There will be a time of undeterred prosperity. There will be a time when the animal creation and nature itself will be restored to its pristine condition. There will be the reintroduction of longevity of life. There will be reigning in righteousness and peace.

He must display publicly the glory of His church

From God’s viewpoint, the Church is a thing of exquisite beauty–and will be seen to be so, for when He returns, that will be made universally known. He will present it to Himself a glorious church without spot or wrinkle . . . (Eph. 5:27).

Two words are used of this manifestation. Ephesians 2:7 states, “That He might show . . . ” this is public acclamation and demonstration   “That He might present . . . ” (Eph. 5:27). We, in marvellous grace, will be placed alongside Him!

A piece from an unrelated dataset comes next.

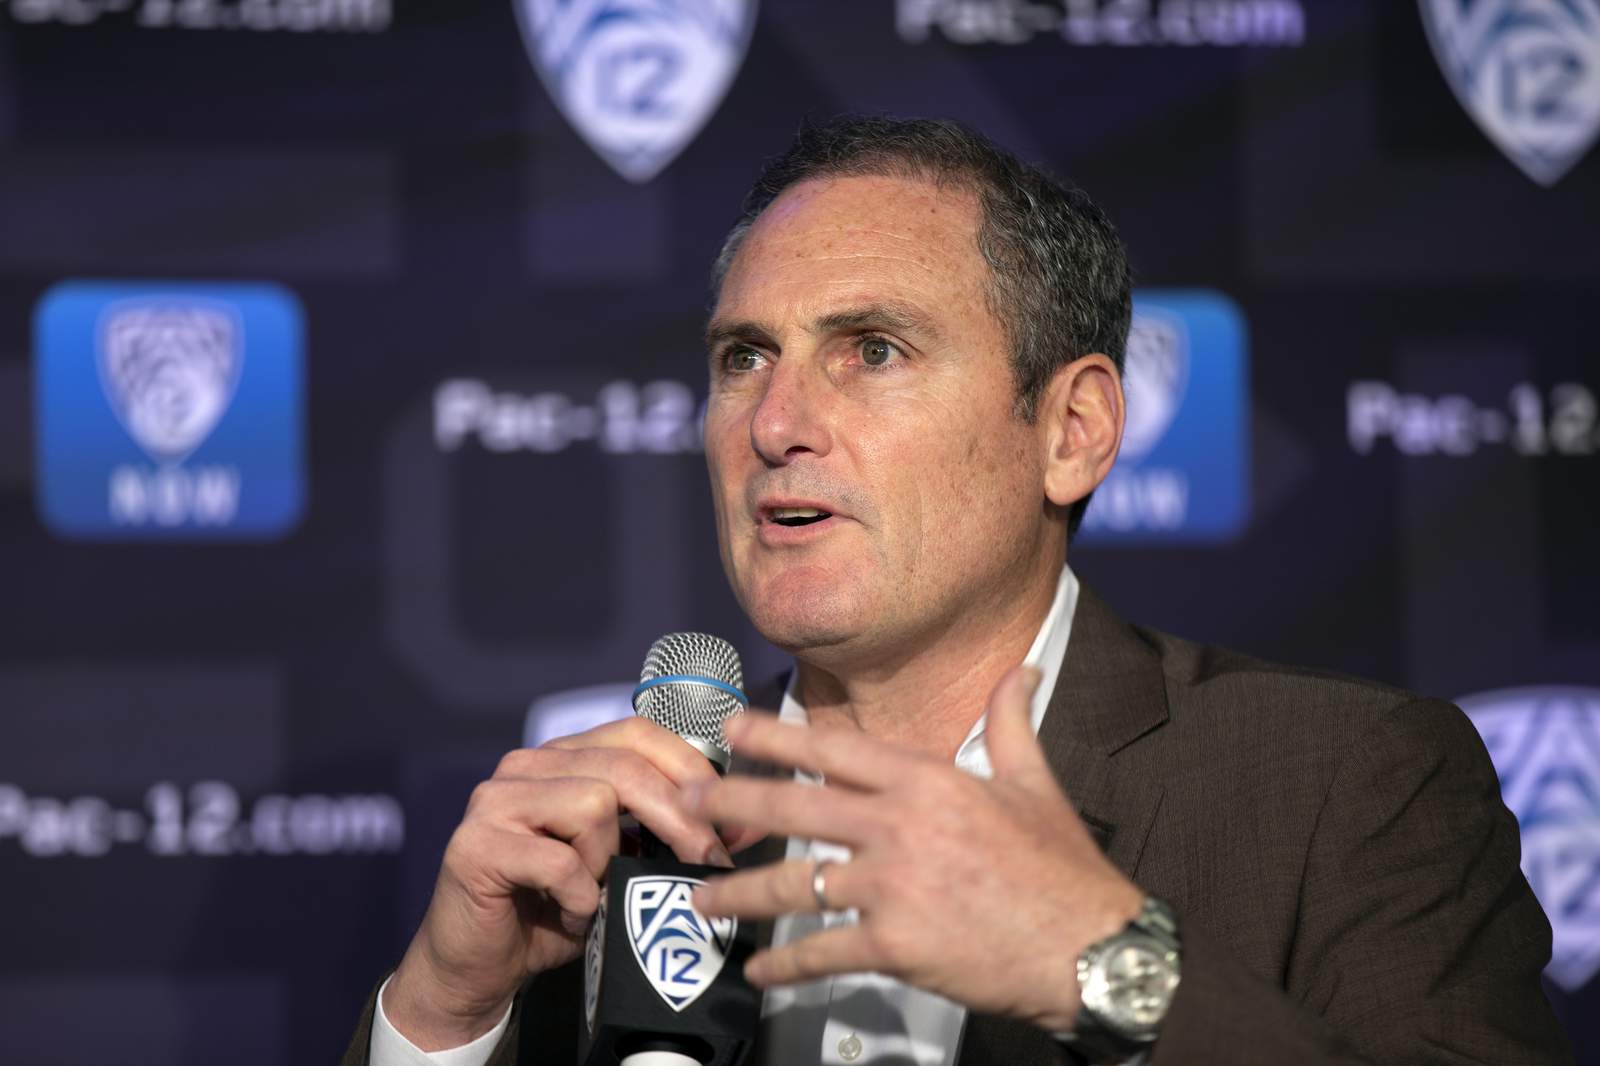 Pac-12 Commissioner Larry Scott stepping down at end of June

At the coronation of Queen Elizabeth II, her husband was the first to be on his knees at her feet, paying homage. But think of this; our Lord Jesus Christ, Head over all things to the church, will place us in that crowning day by His side. We shall be the reflection of His glory and power, “wondered at in all them that believe” (2 Thess. 1).

“Let all that look for hasten that coming joyful day
By earnest consecration to walk the narrow way,
By gathering in the lost ones for whom our Lord did die;
For the crowning day is coming by and by.”